Solving the problem : $z z_x + z_y = 0, \quad z(x,0) = x^2$

Question

Exercise :

For the problem : $$\begin{cases} zz_x + z_y = 0 \\ z(x,0) = x^2\end{cases}$$ derive the solution : $$z(x,y) = \begin{cases} x^2, \quad y = 0\\ \frac{1+2xy - \sqrt{1+4xy}}{2y^2}, \quad y \neq 0 \; \text{and} \; 1+4xy >0 \end{cases}$$ When do shocks develop ? Use the Taylor series for $\sqrt{1+\epsilon}$ about $\epsilon= 0$ to verify that $\lim_{y\to 0} z(x,y) = x^2$.

Attempt :

$$\frac{\mathrm{d}x}{z} = \frac{\mathrm{d}y}{1} = \frac{\mathrm{d}z}{0}$$

We yield the integral curves :

$$\frac{\mathrm{d}y}{1} = \frac{\mathrm{d}z}{0} \implies z_1 = z $$

$$\frac{\mathrm{d}x}{z} = \frac{\mathrm{d}y}{1} \implies z_2 = x -zy$$

Thus, the general solution will involve a $F \in C^1$ function, such that :

$$z(x,y) = F(x-zy)$$

For $y=0$ :

$$z(x,0) = F(x) \Rightarrow F(x) = x^2$$

How would one proceed now to find the second branch of the solution ?
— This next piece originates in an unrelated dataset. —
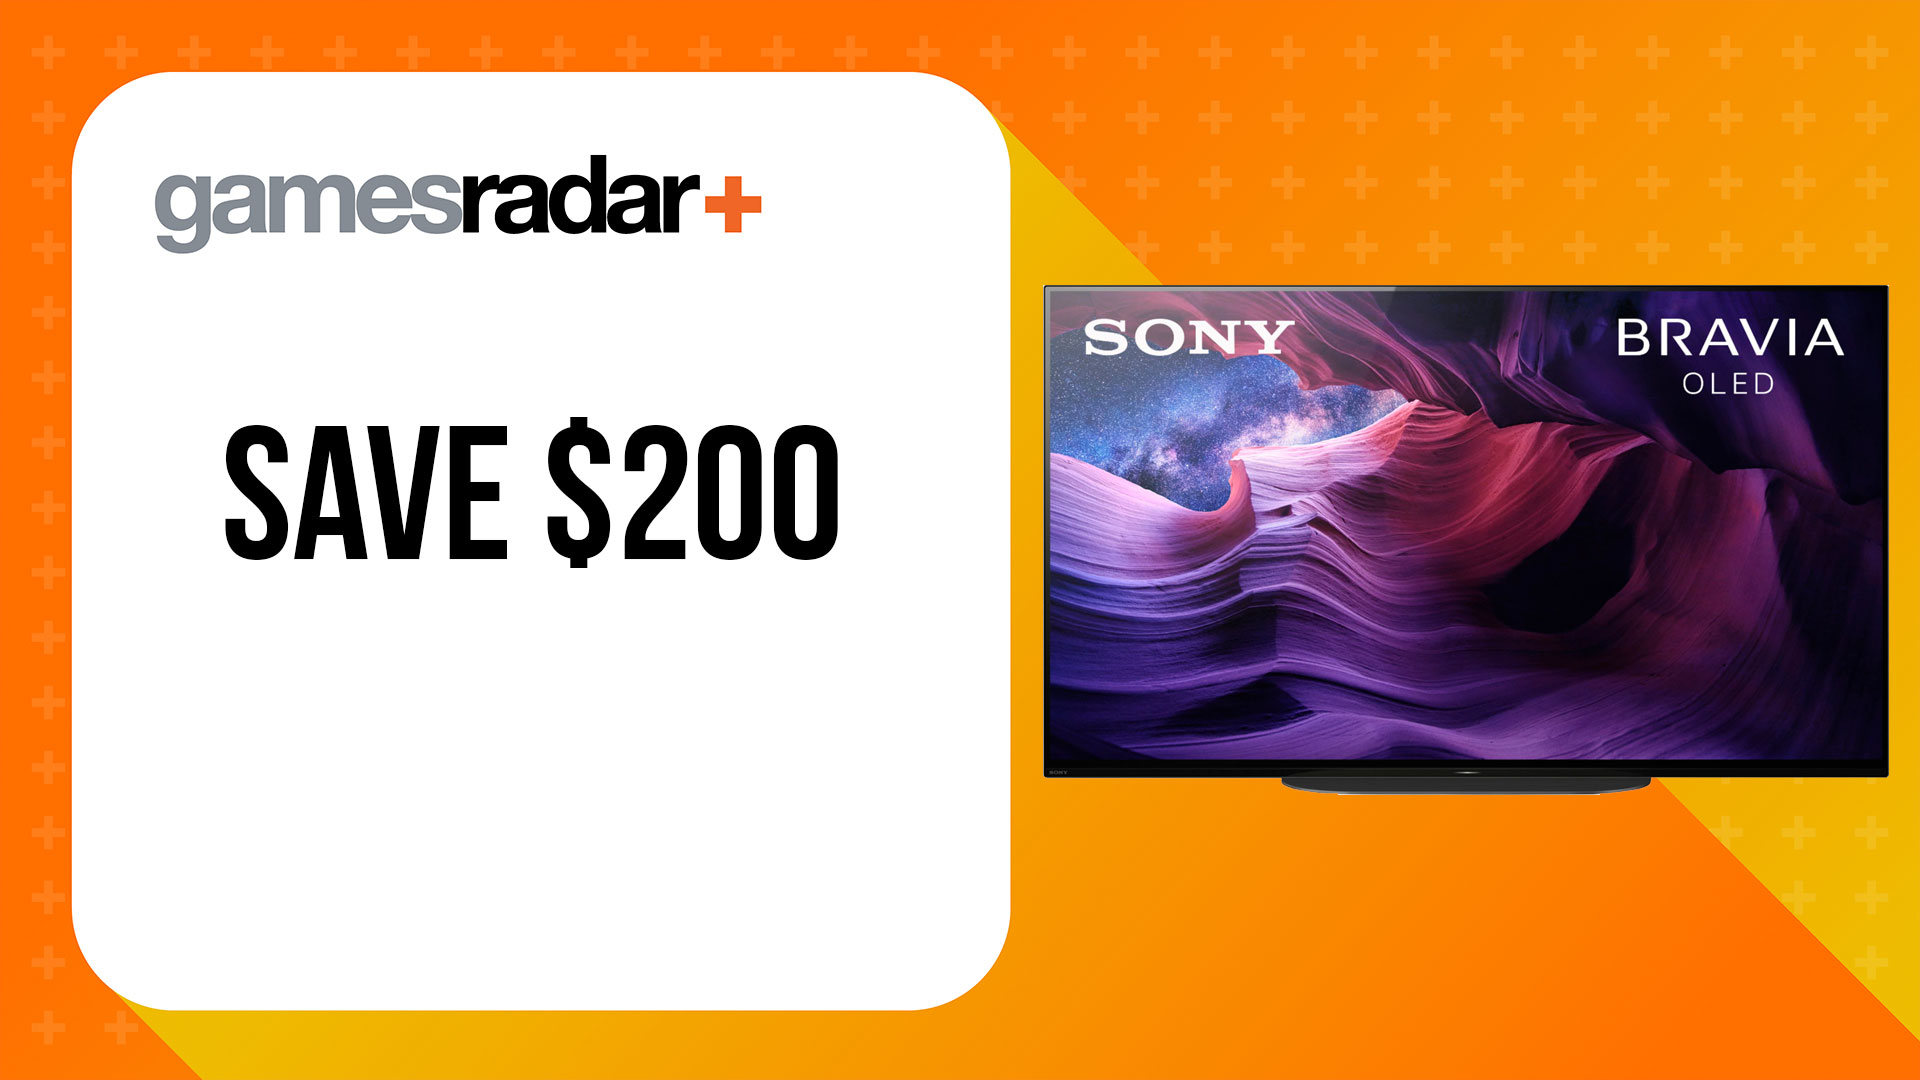 Sony Bravia A9S deal - save $200

(The shock-taylor part is easy)

Answer 1

The general solution is : $$z(x,y) = F(x-zy)\qquad\text{OK}.$$ $F$ is an arbitrary function, to be determines according to the boundary condition.

Condition : $\quad z(x,0)=x^2=F(x-0y)$

So, the function $F$ is determined : $$F(X)=X^2\qquad\text{any }X$$ We put this function into the general solution where $X=x-zy$.

$$z(x,y)=F(x-zy)=(x-zy)^2$$ $z=x^2-2xyz+y^2z^2$

$y^2z^2-(2xy+1)z+x^2=0$

Solving for $z$ leads to : $$z=\frac{2xy+1\pm\sqrt{(2xy+1)^2-4x^2y^2}}{2y^2}$$ $$z=\frac{2xy+1\pm\sqrt{1+4xy}}{2y^2}$$ For $y\to 0$ :

Let $\quad 4xy=\epsilon>0 \quad$ because $1+4xy>0$.

$$z=\frac{\frac{\epsilon}{2}+1\pm\sqrt{1+\epsilon}}{2y^2}=\frac{\frac{\epsilon}{2}+1\pm\sqrt{1+\epsilon}}{2\left(\frac{\epsilon}{4x}\right)^2}=8x^2\left(\frac{\frac{\epsilon}{2}+1\pm\sqrt{1+\epsilon}}{\epsilon^2}\right)$$

$\sqrt{1+\epsilon}\simeq 1+\frac12\epsilon-\frac18\epsilon^2+...$

$$z\simeq 8x^2\left(\frac{\frac{\epsilon}{2}+1\pm\left(1+\frac12\epsilon-\frac18\epsilon^2+...\right)}{\epsilon^2}\right)$$

Case of sign $+$ :

$z\simeq 8x^2\left(\frac{2+\epsilon-\frac18\epsilon^2+...}{\epsilon^2}\right)\to\infty\quad$ when $\epsilon\to 0$. This case is rejected because $z\to x^2$.

Case of sign $-$ :

$z\simeq 8x^2\left(\frac{\frac18\epsilon^2+...}{\epsilon^2}\right)\to x^2\quad$when $\epsilon\to 0$. This agrees. Thus the final result is : $$z=\frac{2xy+1-\sqrt{1+4xy}}{2y^2}$$